** Opening Data provided block **

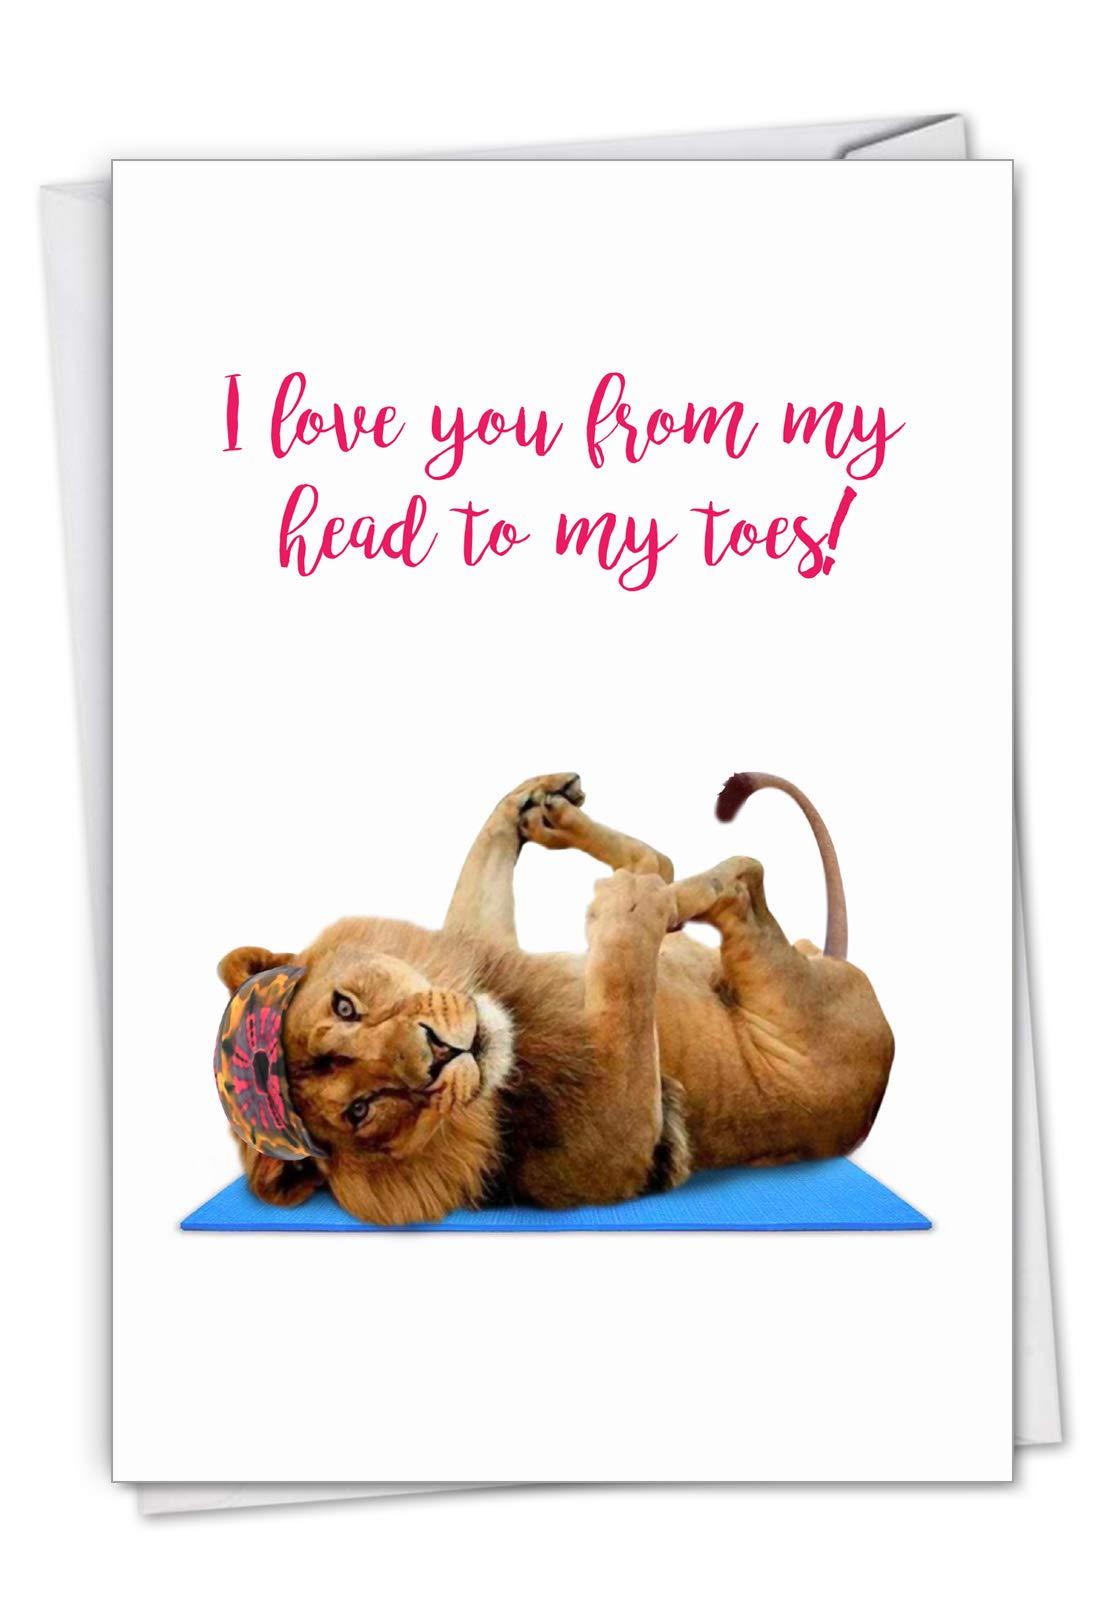 Wildlife Yoga Lion - Cute Happy Birthday Greeting Card with Envelope (4.63 x 6.75 Inch) - Cute Zoo Animal Yoga, Bday Note Card for Birthdays - Gym, Workout Stationery, Fun Bday Notecard C7030EBDG
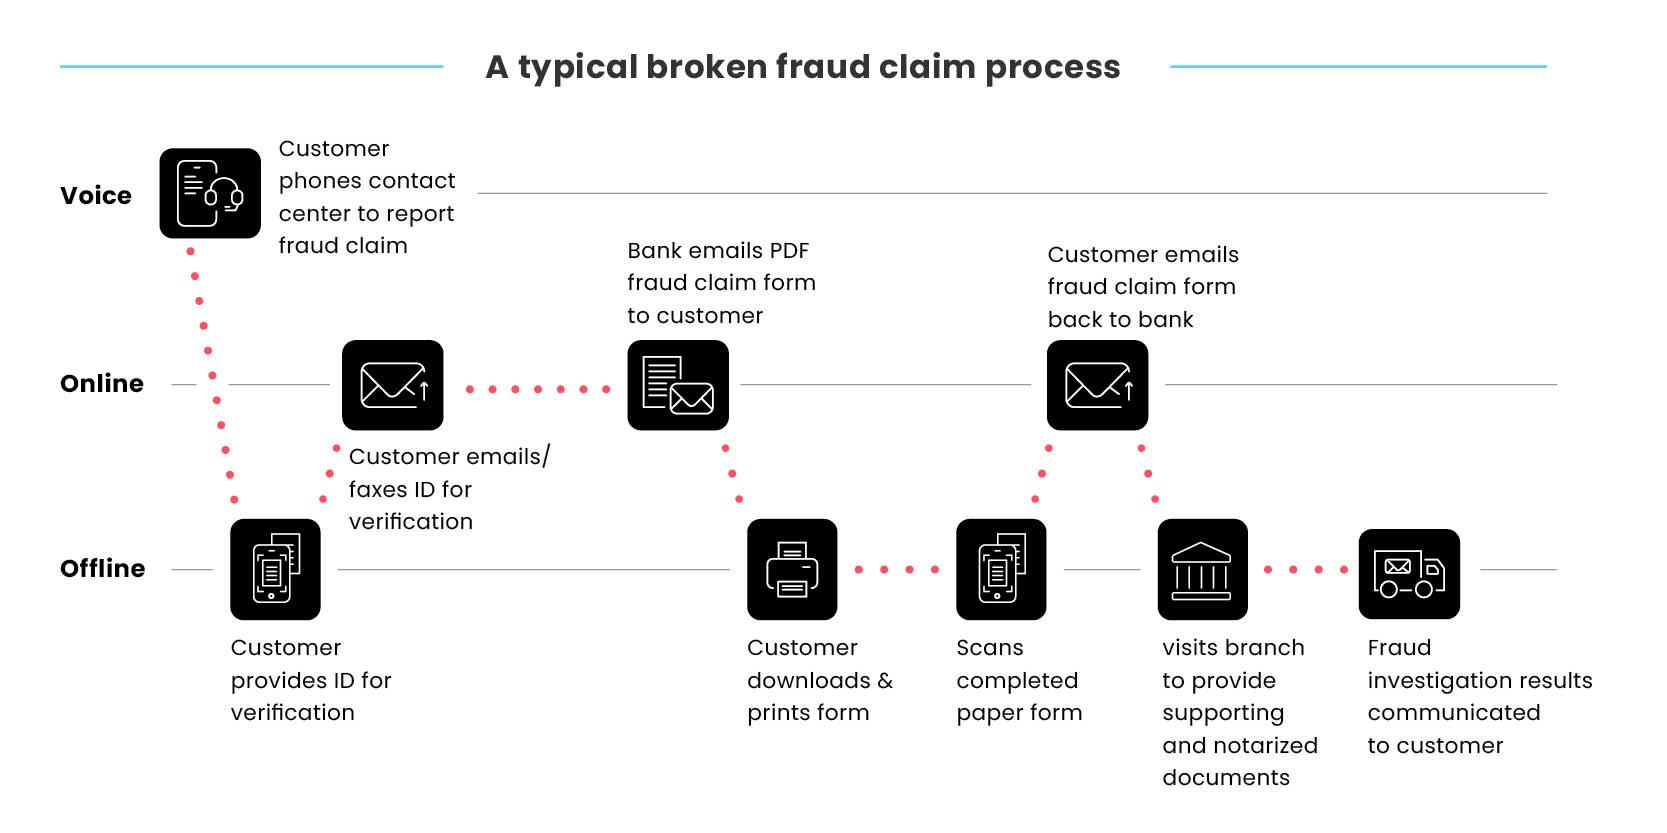 broken-journies-blog-images-bankning-fraud-claims
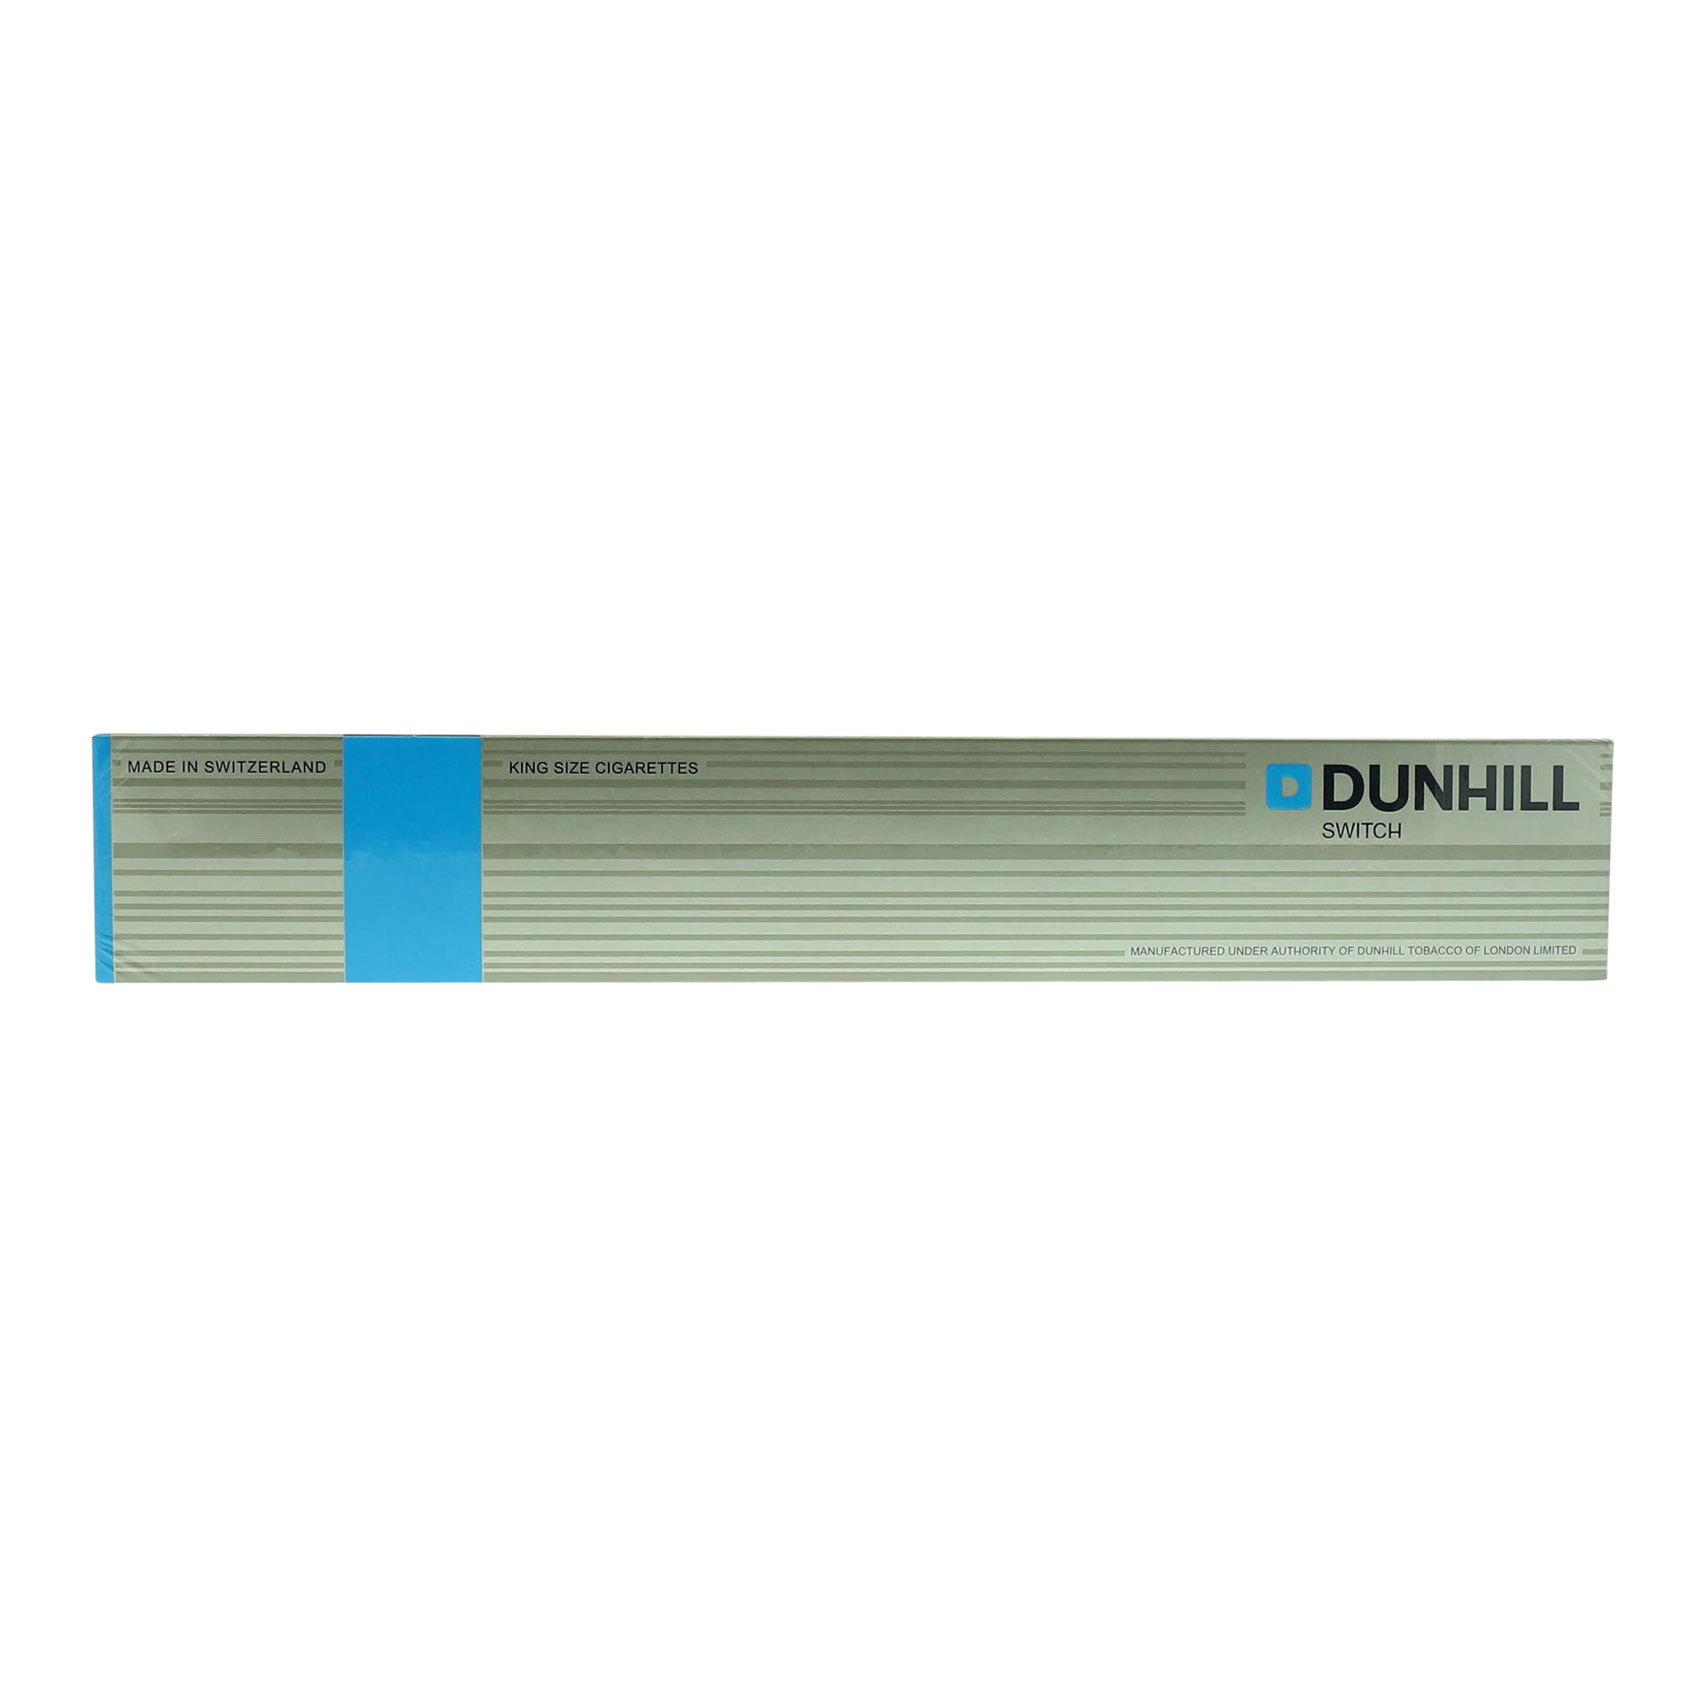 DUNHILL SPEARMINT CHMPNE 20'SX10

** Closing Data provided block **

Aim of the exercise
Aside from its pictures, the listing must be given again in full, exactly as it appears.

Result of the task
 Wildlife Yoga Lion - Cute Happy Birthday Greeting Card with Envelope (4.63 x 6.75 Inch) - Cute Zoo Animal Yoga, Bday Note Card for Birthdays - Gym, Workout Stationery, Fun Bday Notecard C7030EBDG
 broken-journies-blog-images-bankning-fraud-claims
 DUNHILL SPEARMINT CHMPNE 20'SX10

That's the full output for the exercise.